Conversion Price Adjustment for November 2021 Preferred Shares

 

Pursuant to the Certificate of Designation for the series A convertible preferred stock signed by the Company and certain institutional investors in November 2021 Private Placement, the initial conversion price of the series A Convertible Preferred Shares was $0.68. If as of the applicable date the conversion price then in effect is greater than the greater of (1) $0.41 (the “Floor Price”) (as adjusted for stock splits, stock dividends, stock combinations, recapitalizations and similar events) and (2) 85% of the closing bid price on the applicable date (the “Adjustment Price”), the conversion price shall automatically lower to the Adjustment Price accordingly. As the 1-for-10 reverse stock split on the Company’s Common Stock became effective on April 6, 2022, the conversion price and the Floor Price of the Preferred Shares mentioned above were proportionally adjusted.

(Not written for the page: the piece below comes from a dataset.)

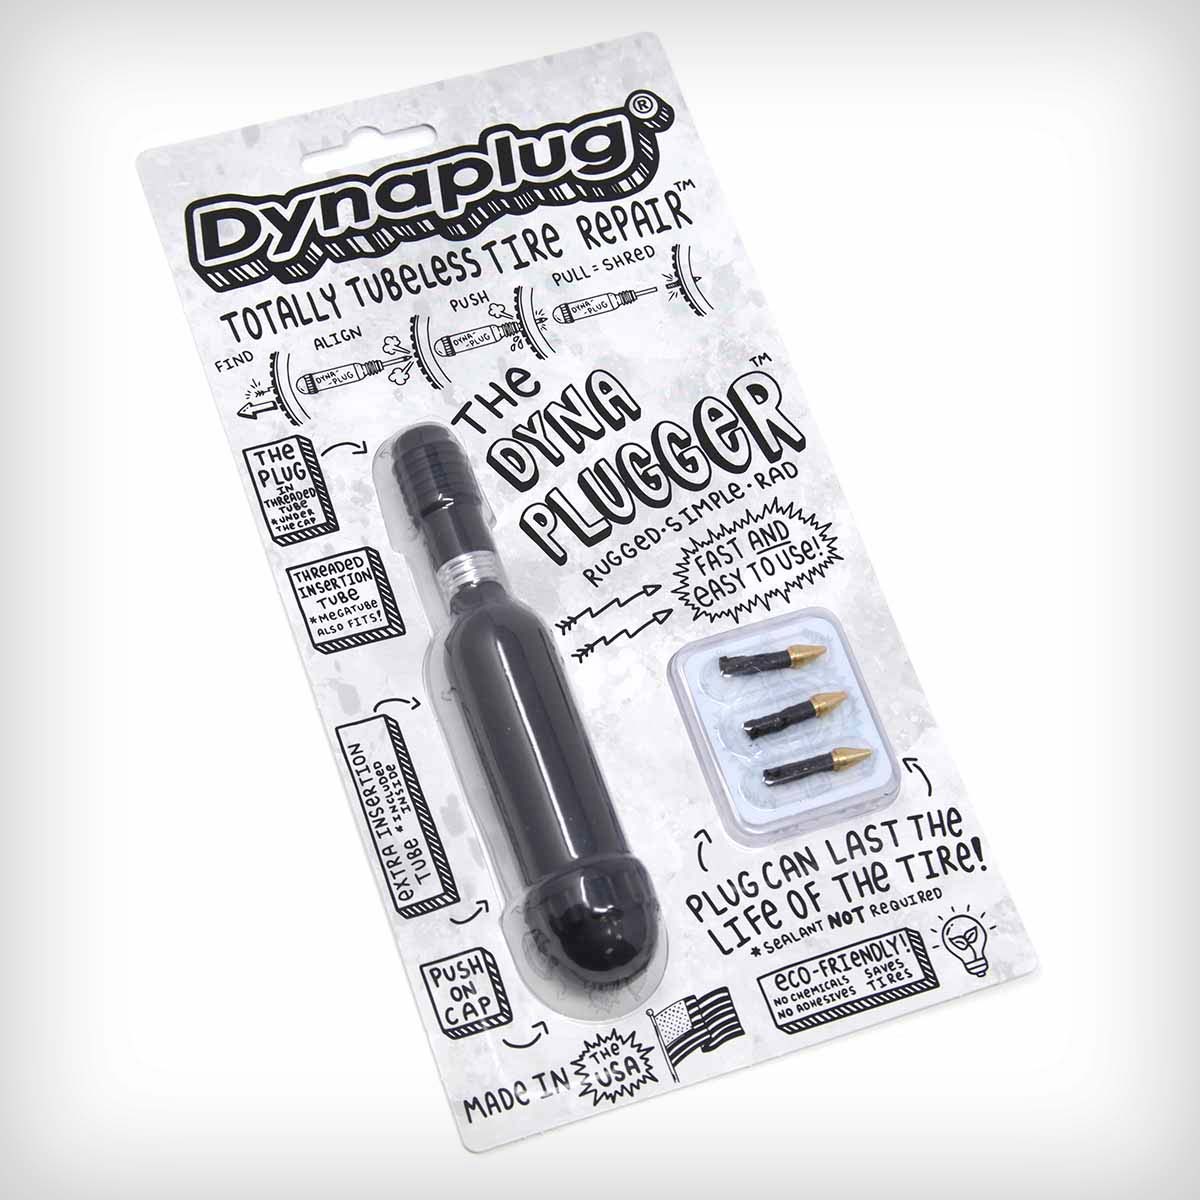 Dynaplug presenta el Dynaplugger, su herramienta de reparación Tubeless más económica

Further, on August 9, 2022, the Company and the investors agreed to reduce the conversion price of the series A Convertible Preferred Shares from $4.10 to $2.00 and to increase the number of the shares of common stock that are available to be issued upon conversion of the Preferred Shares from 1,092,683 to 2,240,000. As the 1-for-10 reverse stock split on the Company’s Common Stock became effective on July 29, 2025, the conversion price of the Preferred Shares was adjusted to $20.00. As of June 30, 2025 and March 31, 2025, there were 262 and 991 shares of Series A convertible preferred stock outstanding, respectively, valued at $42,943 and $234,364 recorded as mezzanine equity, respectively. Giving retroactive effect to the twice 1-for-10 reverse stock splits on the Company’s common stock became effective on April 6, 2022 and July 29, 2025, respectively, as of June 30, 2025, 4,738 shares of Series A convertible preferred stock were converted into 223,583 shares of the Company’s common stock.

 

1-for- 10 shares reverse split on common stock

 

The Company considered the above transactions after giving a retroactive effect to a 1-for-10 reverse stock split of its common stock which became effective on July 29, 2025. The Company believed it is appropriate to reflect the above transactions on a retroactive basis similar to those after a stock split or dividend pursuant to ASC 260. All shares and per share amounts used herein and in the accompanying consolidated financial statements have been retroactively stated to reflect the effect of the reverse stock split. Upon execution of the 1-for-10 reverse stock split, the Company recognized additional 37 shares of common stock due to round up issue.